Mit seiner Nähe zur biblischen Schöpfungsgeschichte steht Scherer nicht allein. Nach einer Forsa-Umfrage im Auftrag des stern glauben 13 Prozent der Deutschen, dass die Welt und der Mensch in sechs Tagen von Gott geschaffen wurden. Weitere 23 Prozent gehen davon aus, dass der Mensch in einem langen Prozess entstanden ist, der von Gott oder einem anderen höheren Wesen gesteuert wurde. Scherers "Studiengemeinschaft Wort und Wissen", die sich vor allem mit Kritik an der Evolutionslehre beschäftigt, leistet sich bereits vier hauptamtliche Mitarbeiter - dank 600 bis 700 Spendern. Und Scherers, von Althaus gepriesenes Anti-Evolutions-Buch hat sich schon 40 000-mal verkauft.
Zumindest bis 2003 saß Scherer auch im wissenschaftlichen Beirat des umstrittenen Discovery Institute in Seattle in den USA. Heute ist er nach eigenen Worten "entsetzt über die derzeitigen politischen Aktivitäten des Discovery Institute". Er distanziere sich ausdrücklich "von dem Ziel, 'Intelligent Design' mit juristischen Mitteln in den Biologieunterricht der Schulen zu zwingen", und stehe schon aus diesem Grund für den Discovery-Beirat "nicht mehr zur Verfügung".
Keineswegs, so versichert Scherer außerdem, profitiere "Wort und Wissen" von Geld aus Seattle. CDU-Mann Althaus bemüht sich inzwischen, etwas Abstand zwischen sich und allzu radikalen Christen zu schaffen. Er lehne die Evolutionstheorie nicht "von Grund auf ab", versichert er.

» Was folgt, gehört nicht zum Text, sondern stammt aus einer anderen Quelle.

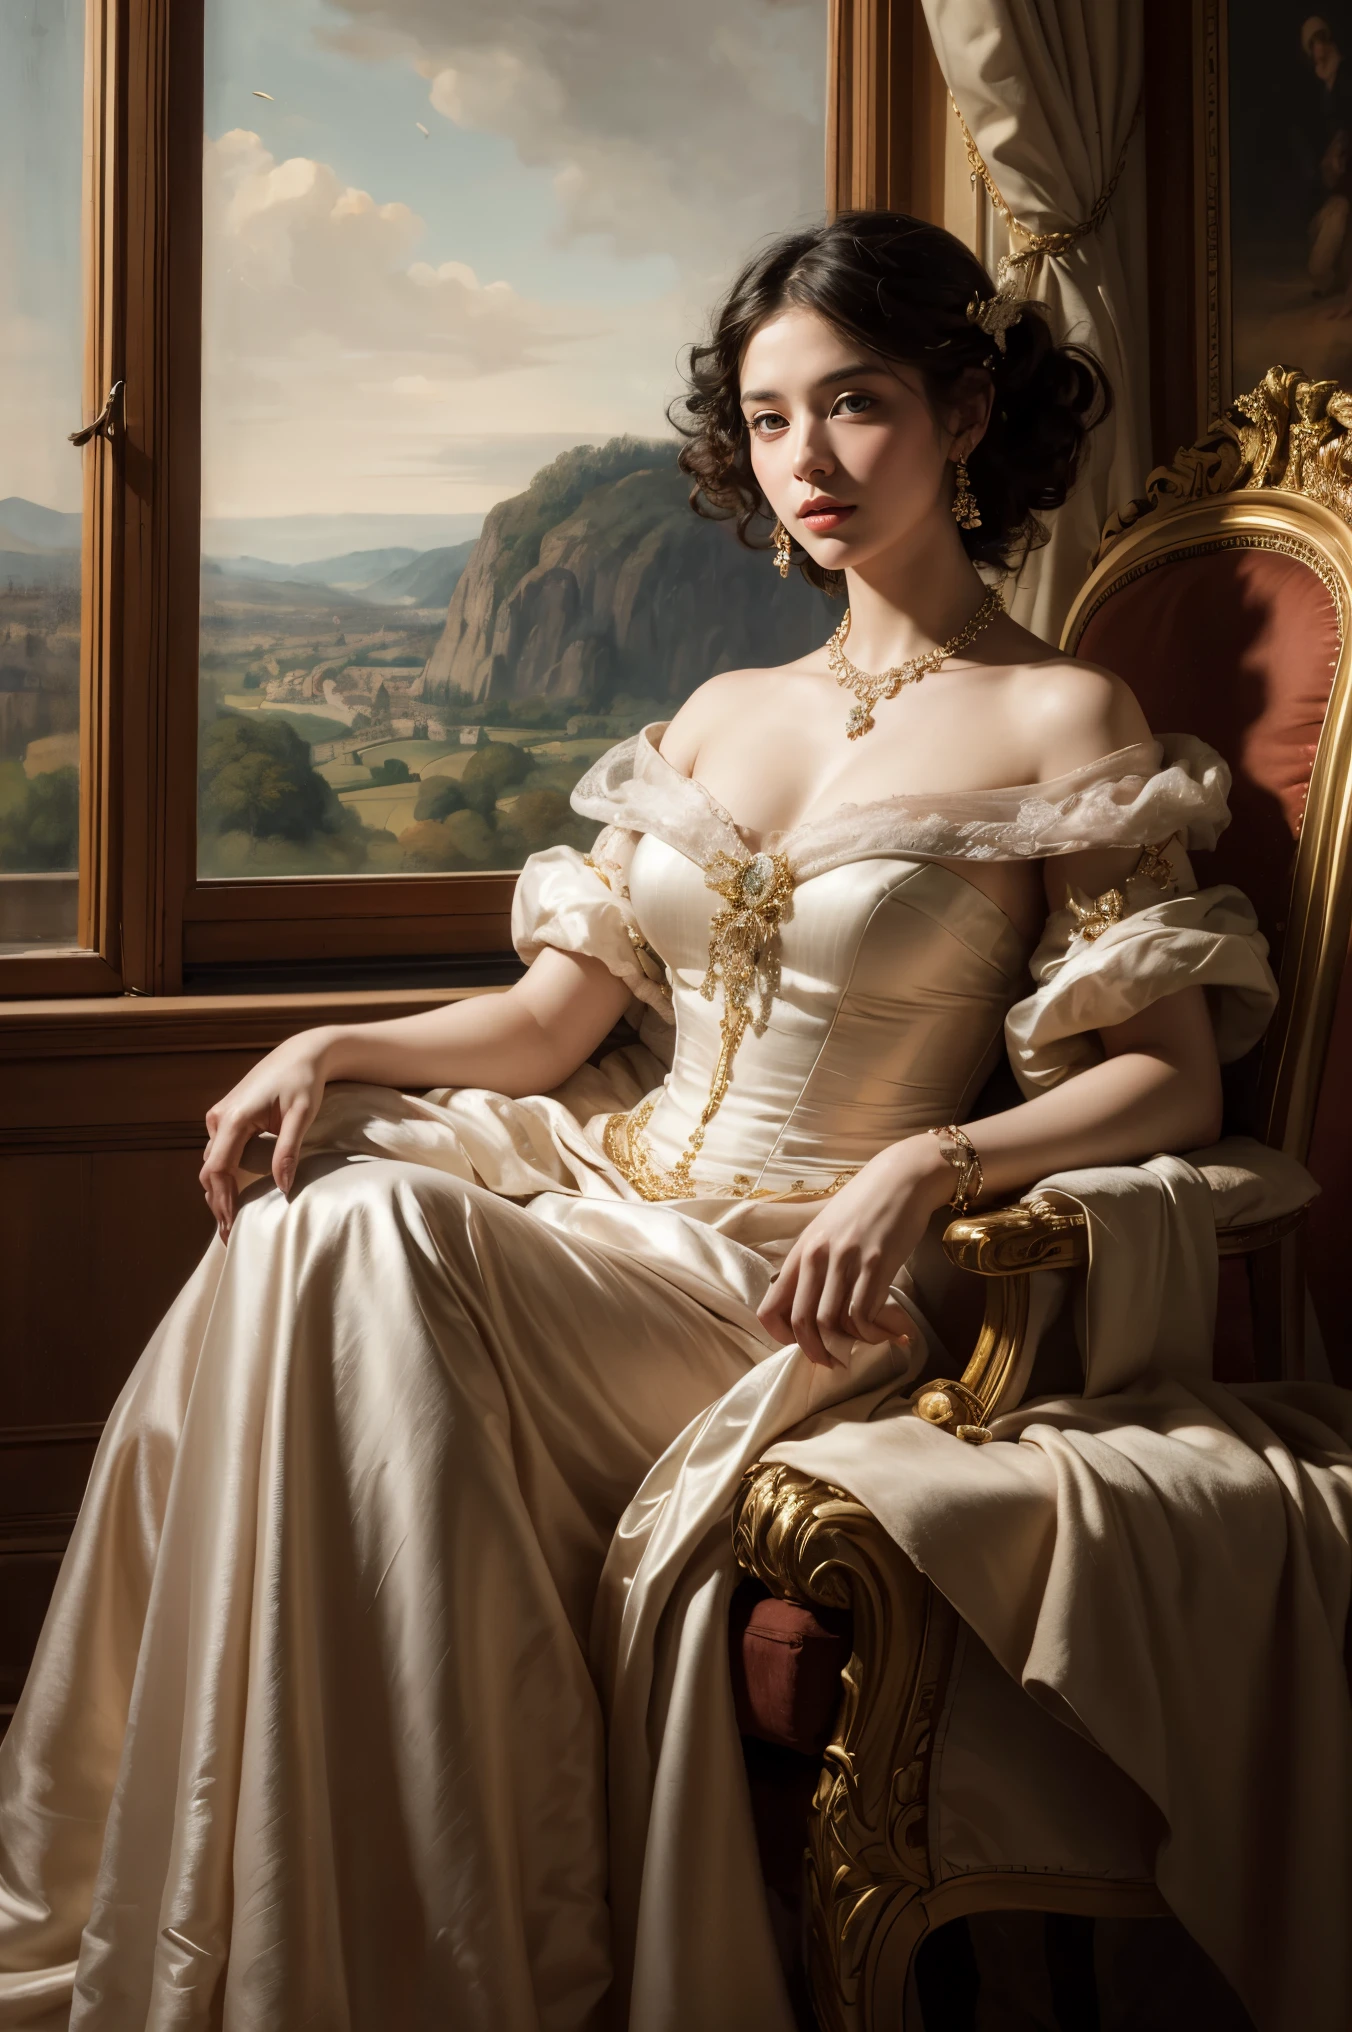 A realistic painting depicting a graceful woman in a luxurious dress, against the backdrop of a beautiful landscape. The art is in the style of Rembrandt and Peter Paul Rubens, with detailed curls and soft lighting. (Long angle), 4k resolution, romantic motif.

Anders als in den bibeltreuen Kerngebieten der USA lässt sich mit religiösem Fundamentalismus in Ostdeutschland halt auch kein Blumentopf gewinnen. Die stern-Umfrage zeigt, dass die Skepsis gegenüber Positionen von Kreationisten und "Intelligent Design" dort sehr viel größer ist als im Westen. 70 Prozent der Thüringer seien nicht Mitglied irgendeiner Kirche, vermerkte denn auch die "Ostthüringer Zeitung". Althaus" Aktivitäten gingen "an der Lebenswirklichkeit" der Leute vorbei.